The Chinese caught on pretty quickly, and started extracting these rare elements themselves. They could do it much cheaper than anyone else, because their labor costs were much lower, and they were willing to put up with the environmental costs, which were not insignificant. Pretty soon, Hykawy says, American production ceased, and China effectively took over the market. Today, China controls more than 71% of the world’s extraction and 87% of the world’s processing capacity of rare earths.

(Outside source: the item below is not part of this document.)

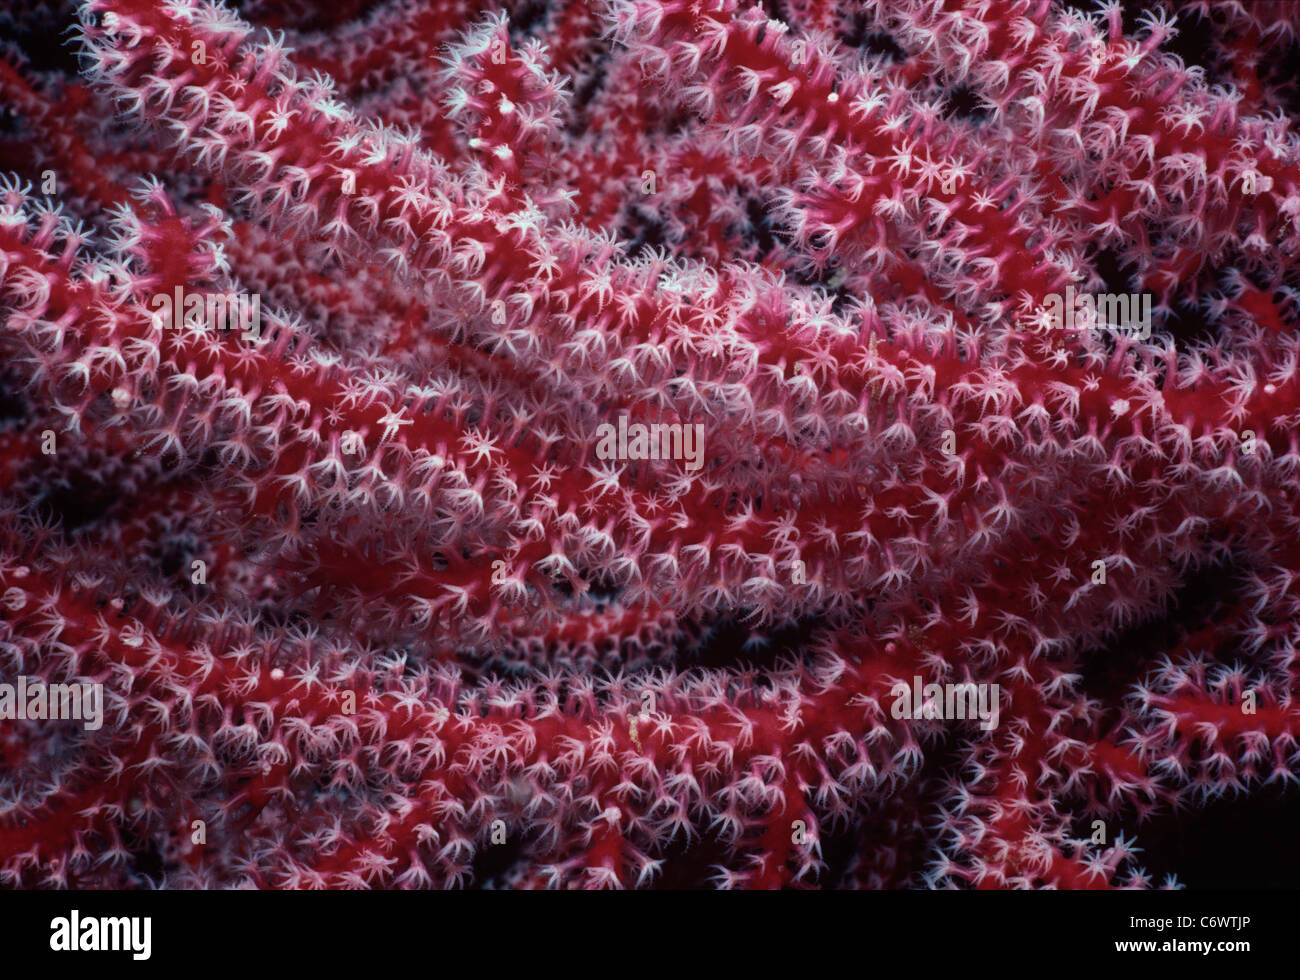 Sea Fan Gorgonia Coral (Subergorgia hicksoni), polyps open and feeding at night, Papua New Guinea - Bismarck Sea Stock Photo

Two of these rare earths, neodymium and praseodymium, are key components in the production of permanent magnets, meaning that China now dominates the permanent magnet market as well, producing more than 80 percent of these advanced instruments. A decade ago this did not seem to be a problem. China was a willing and cooperative trading partner, apparently so unthreatening that in 2004 the US actually outsourced the production of magnets used in the guidance systems of US cruise missiles and precision bombs to a Chinese company.

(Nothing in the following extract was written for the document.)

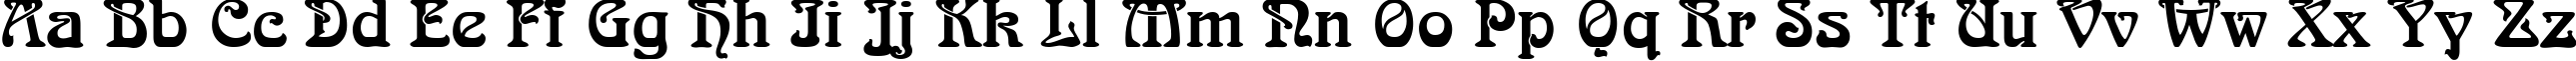 Пример написания английского алфавита шрифтом Arabia Plain:001.003

“We had American manufacturing,” says Laura Lewis. “Magnaquench, a subsidiary of General Motors. It was in Anderson, Indiana, and it went into China. It was a short-term view of economics; profit up front, but then we lost our capabilities along the way.”

Today, relations with China are more strained. And the need for both rare earths and permanent magnets is increasing as we move to a clean energy economy.

The US has woken up to the realization that it is at a significant strategic disadvantage to China in this vital area for the country’s economy and national security. It has restarted an idle rare earth mine in California, and it is eyeing potential new mine sites in Arizona, Nevada and Wyoming. But it will take more than a decade for these mines to come online.

Game changer

This is why the discovery of synthetic tetrataenite is so exciting, says Jonathan Hykawy. The compound is so tough that manufacturers can make permanent magnets out of it for all but the most demanding machinery. If that happens, the US could fill a large part of the magnet market by itself, reducing the need for certain rare earths. And that would lead to a major shift in America’s relationship with China. The United States would no longer depend on a competitor for these key materials or depend on them for certain parts essential to the production of important technology.

However, there is a potential downside. Rare earths are not only used in the production of permanent magnets. They are used in fiber optics, in radiation scanners, in television, in personal electronics. If a large part of the rare earth market disappears because of tetrataenite, Hykawy says, the production of all these other important rare earths could be disrupted. They can become significantly more expensive to produce, which can increase the cost of a number of consumer and industrial goods.

Far out

But it will take a long time before tetrataenite is in a position to disrupt existing markets, says Laura Lewis. She says there is still a lot of testing to be done to find out if laboratory tetrataenite is as hardy and as useful as the material in outer space. And even if it turns out to be just as good, it will be five to eight years “pedal to the metal” before anyone can make permanent magnets out of it.

Meanwhile, China’s competitors are working hard to acquire rare earths of their own. US invests in mines in Australia; exploration is underway in Malaysia, and the Japanese are researching ways to extract elements from mud mined from the seabed. Jonathan Hykawy says that if countries are willing to invest in the extraction of rare earths, and tolerate the environmental consequences, there is no reason why they cannot level the playing field with China.

“If we were willing to pay enough to produce these things, you can overcome these problems and you can produce these things in an environmentally responsible way,” he says. “This is no worse than mining and manufacturing aluminum, for example.”